Commentaire • 0
Sur la décision
| Référence : | TJ Strasbourg, cont. commercial, 4 avr. 2025, n° 24/01309 |
|---|---|
| Numéro(s) : | 24/01309 |
| Importance : | Inédit |
| Dispositif : | Déboute le ou les demandeurs de l'ensemble de leurs demandes |
| Date de dernière mise à jour : | 14 avril 2025 |
| Lire la décision sur le site de la juridiction |
Texte intégral
/
N° RG 24/01309 – N° Portalis DB2E-W-B7I-MXRE
TRIBUNAL JUDICIAIRE DE STRASBOURG
[Adresse 10]
[Adresse 6]
[Localité 3]
Greffe du Contentieux Commercial
03.88.75.27.86
N° RG 24/01309 – N° Portalis DB2E-W-B7I-MXRE
N° de minute :
Copie exécutoire délivrée
le 04 Avril 2025 à :
Me Mehdi EL MRINI, vestiaire 228
RÉPUBLIQUE FRANÇAISE
AU NOM DU PEUPLE FRANÇAIS
JUGEMENT du 04 Avril 2025
COMPOSITION DU TRIBUNAL :
Magistrats qui ont délibéré :
— Myriam MAAZOUZ-GAVAND,Vice-Présidente, Président,
— Pierre TANGHE, Juge Consulaire, Assesseur,
— Rodolphe MATHUS, Juge Consulaire, Assesseur.
Greffier lors de l’audience : Inès WILLER
DÉBATS :
À l’audience publique du 14 Février 2025 à l’issue de laquelle le Président a avisé les parties que le jugement serait prononcé par mise à disposition au greffe à la date du 04 Avril 2025 ;
JUGEMENT :
— déposé au greffe le 04 Avril 2025,
— réputée contradictoire et en premier ressort,
— signé par Myriam MAAZOUZ-GAVAND, Vice-Présidente, et par Inès WILLER, Greffière, Greffier lors de la mise à disposition ;
DEMANDERESSE :
S.A.S. JANSER FRANCE, prise en la personne de son représentant légal
[Adresse 1]
[Localité 4]
représentée par Me Mehdi EL MRINI, avocat au barreau de STRASBOURG, avocat plaidant
DÉFENDERESSE :
Société COADAP DISTRBUCION Y COMMERCIALIZACION, prise en la personne de son représentant légal
[Adresse 7]
[Localité 2] (ESPAGNE)
défaillant
/
N° RG 24/01309 – N° Portalis DB2E-W-B7I-MXRE
EXPOSE DU LITIGE
La société JANSER, immatriculée au registre du commerce de SAVERNE a établi à l’encontre de la société COADAP située en Espagne 23 factures portant sur des ventes de marchandises entre le 30 avril 2019 et le 30 septembre 2019 pour un montant total de 20.743,81 €.

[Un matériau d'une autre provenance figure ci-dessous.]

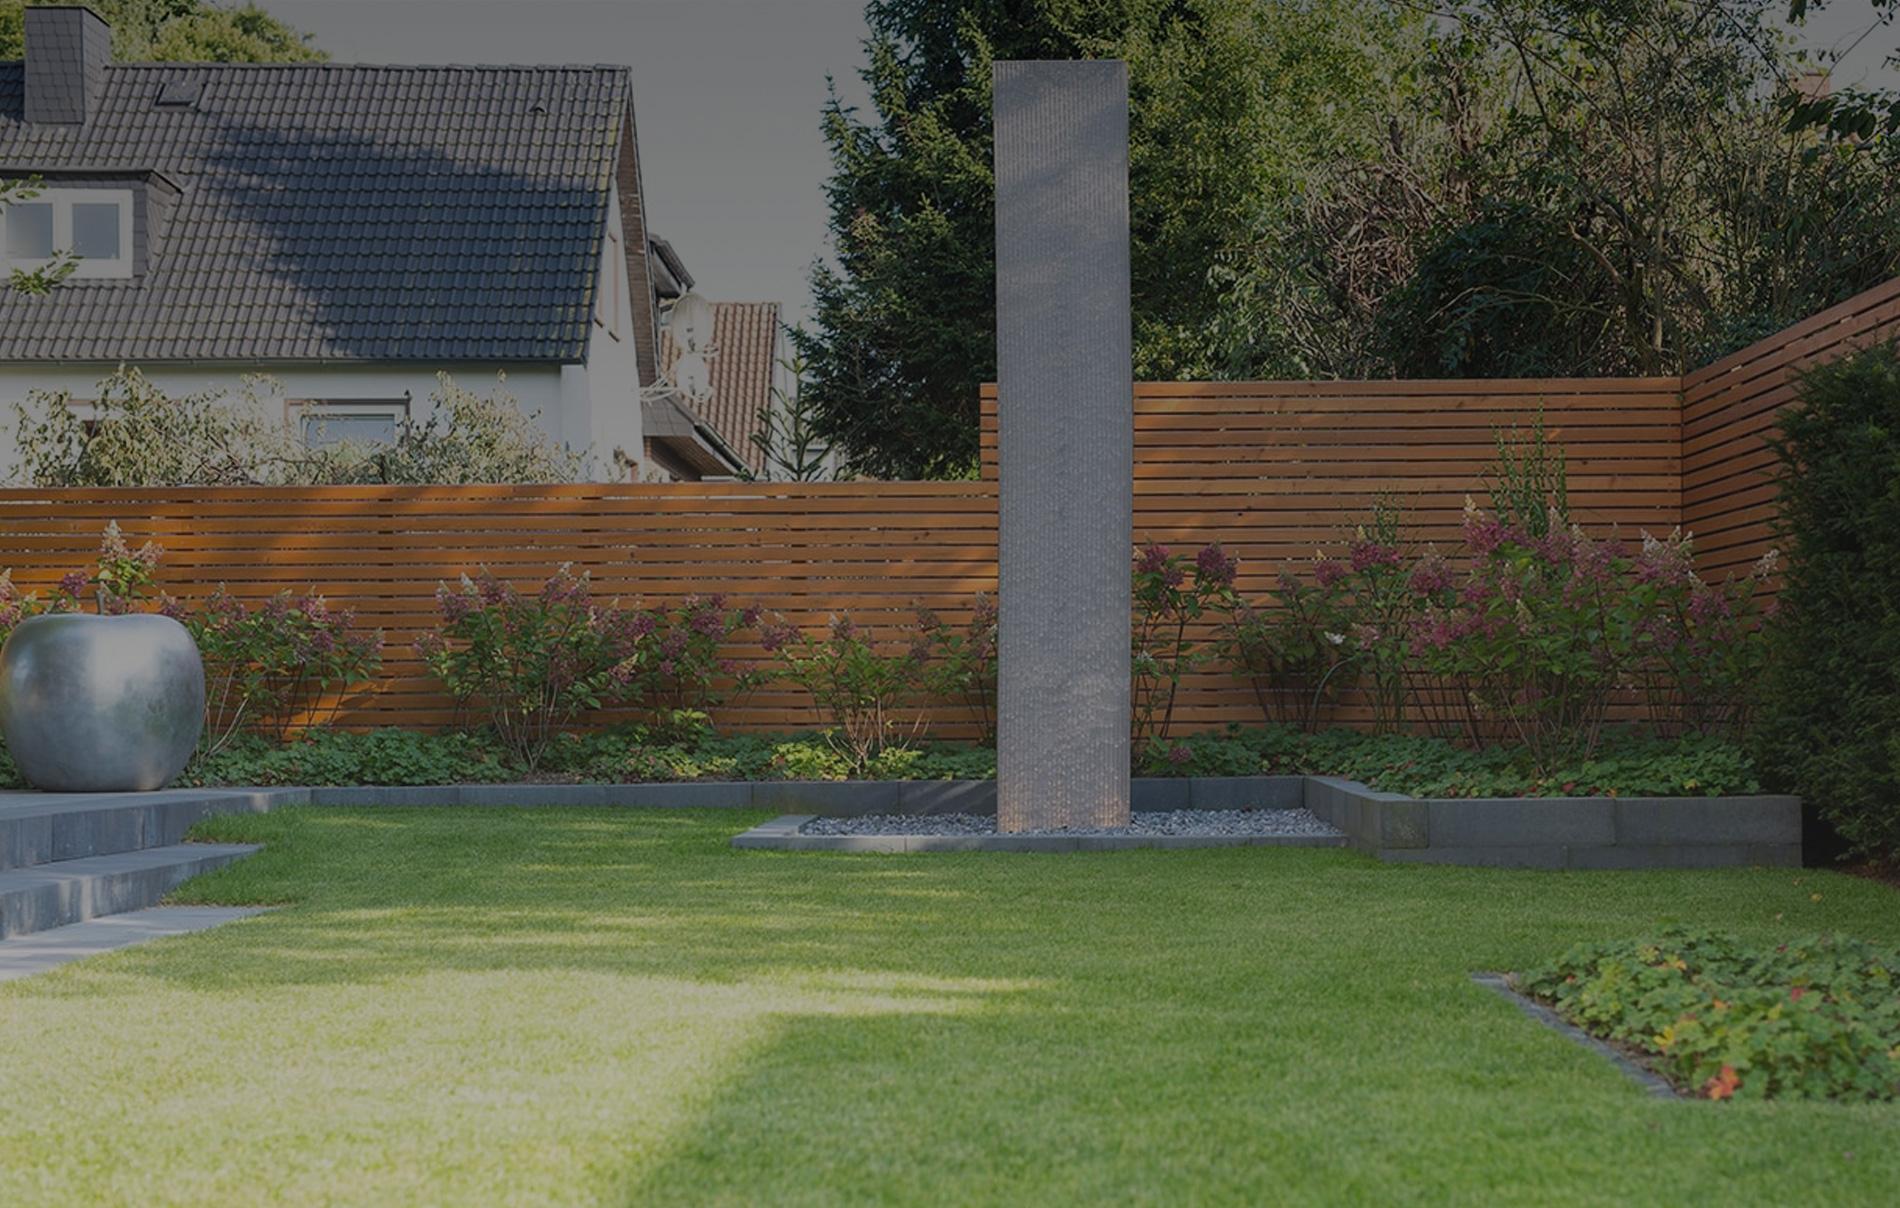 3raumGärtner Garten und Landschaftsbau Osnabrück
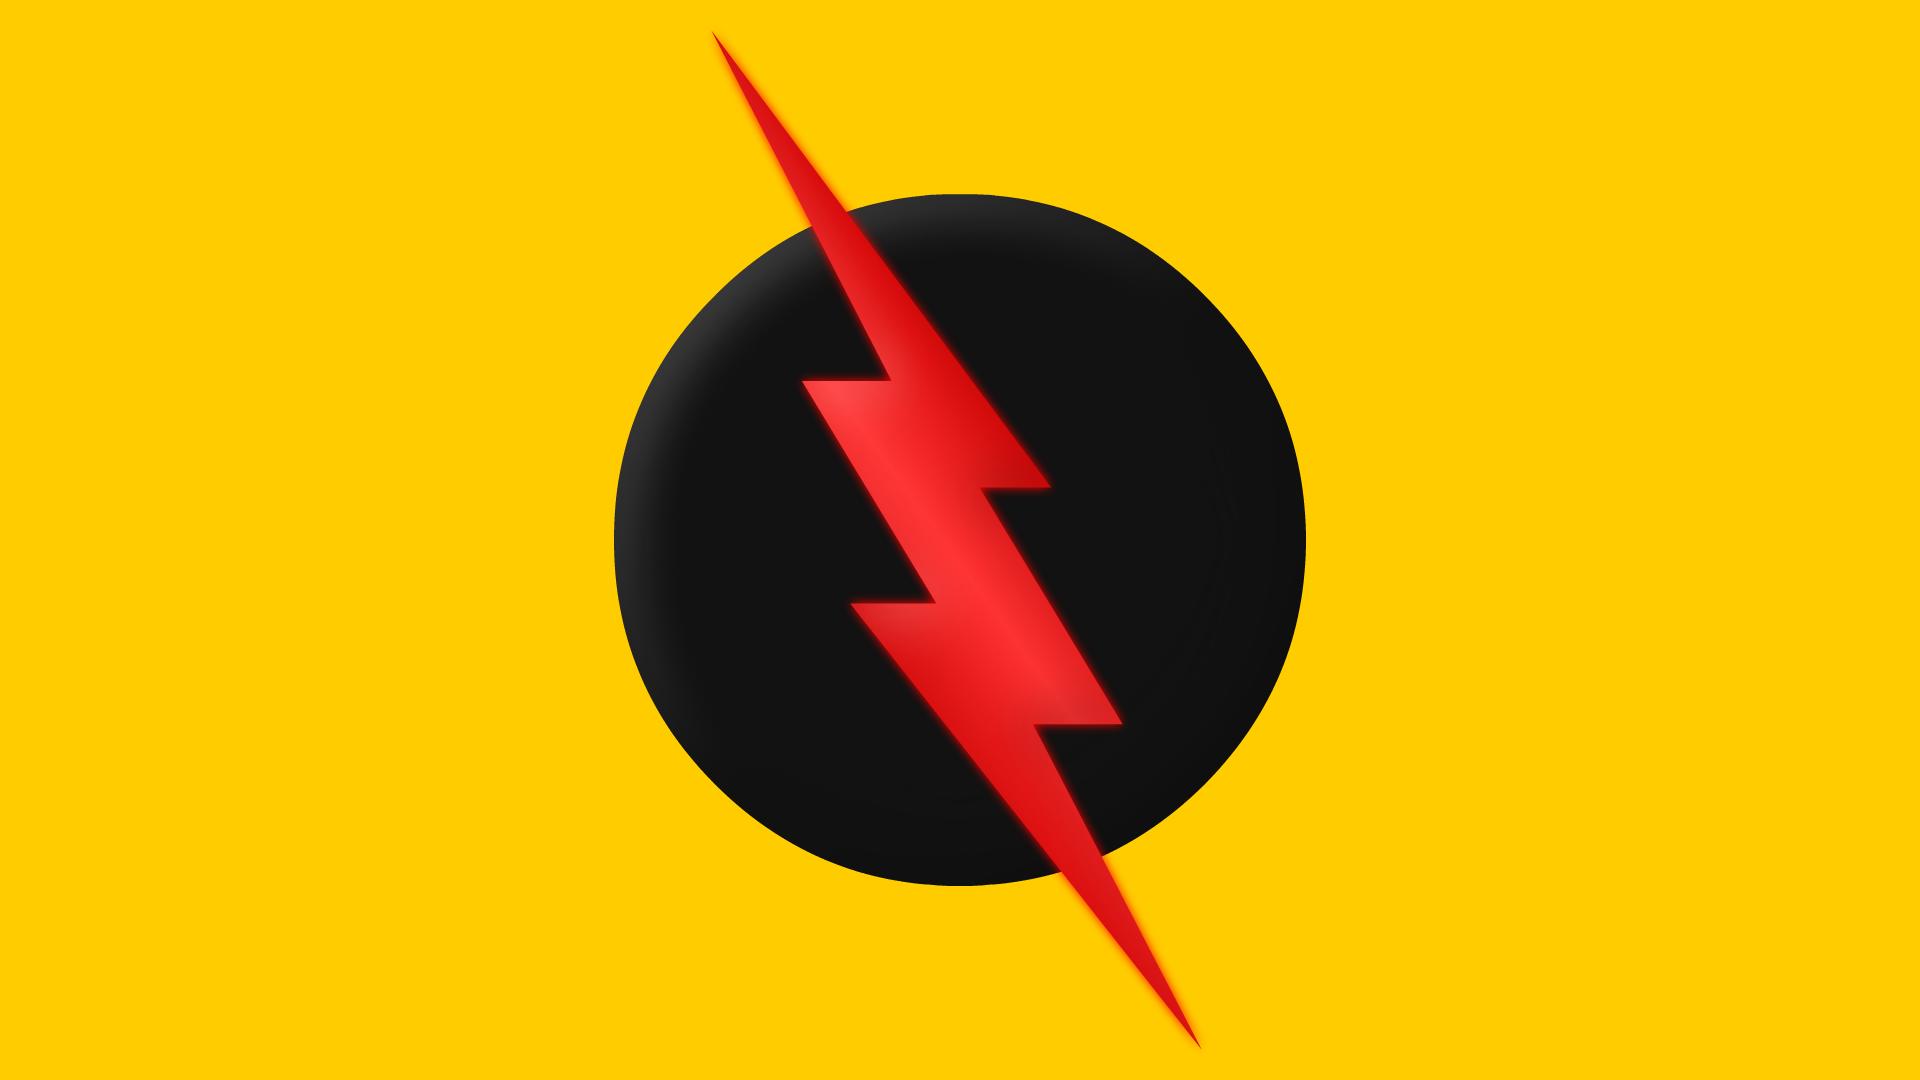 reverse flash symbol by yurtigo on deviantart. Black Bedroom Furniture Sets. Home Design Ideas

Suivant courrier simple du 25 août 2020, la société JANSER a mis en demeure la société COADAP de lui payer la somme de 22.493,56 € au titre des factures.
Par acte d’huissier délivré le 6 juin 2024, la société JANSER a fait assigner la société COADAP en paiement devant la chambre commerciale du Tribunal judiciaire de Strasbourg.
Elle sollicite du Tribunal de voir :
Vu les articles 1103 et suivants 1 du code civil, CONDAMNER la défenderesse à lui payer les sommes de :
-20.743,81€ assortie des intérêts au taux légal à compter du 30 avril 2019,
-4.148,76€ au titre de la clause pénale,
-460€ au titre frais de recouvrement,
-2.500€ au titre de l’article700 du Code de procédure civile,
Outre les entiers frais et dépens de l‘instance.
Elle expose que la compétence du présent tribunal résulte des clauses contractuelles et que sa créance est justifiée au vu des bons de commande, bons de préparation et bons de livraison produits.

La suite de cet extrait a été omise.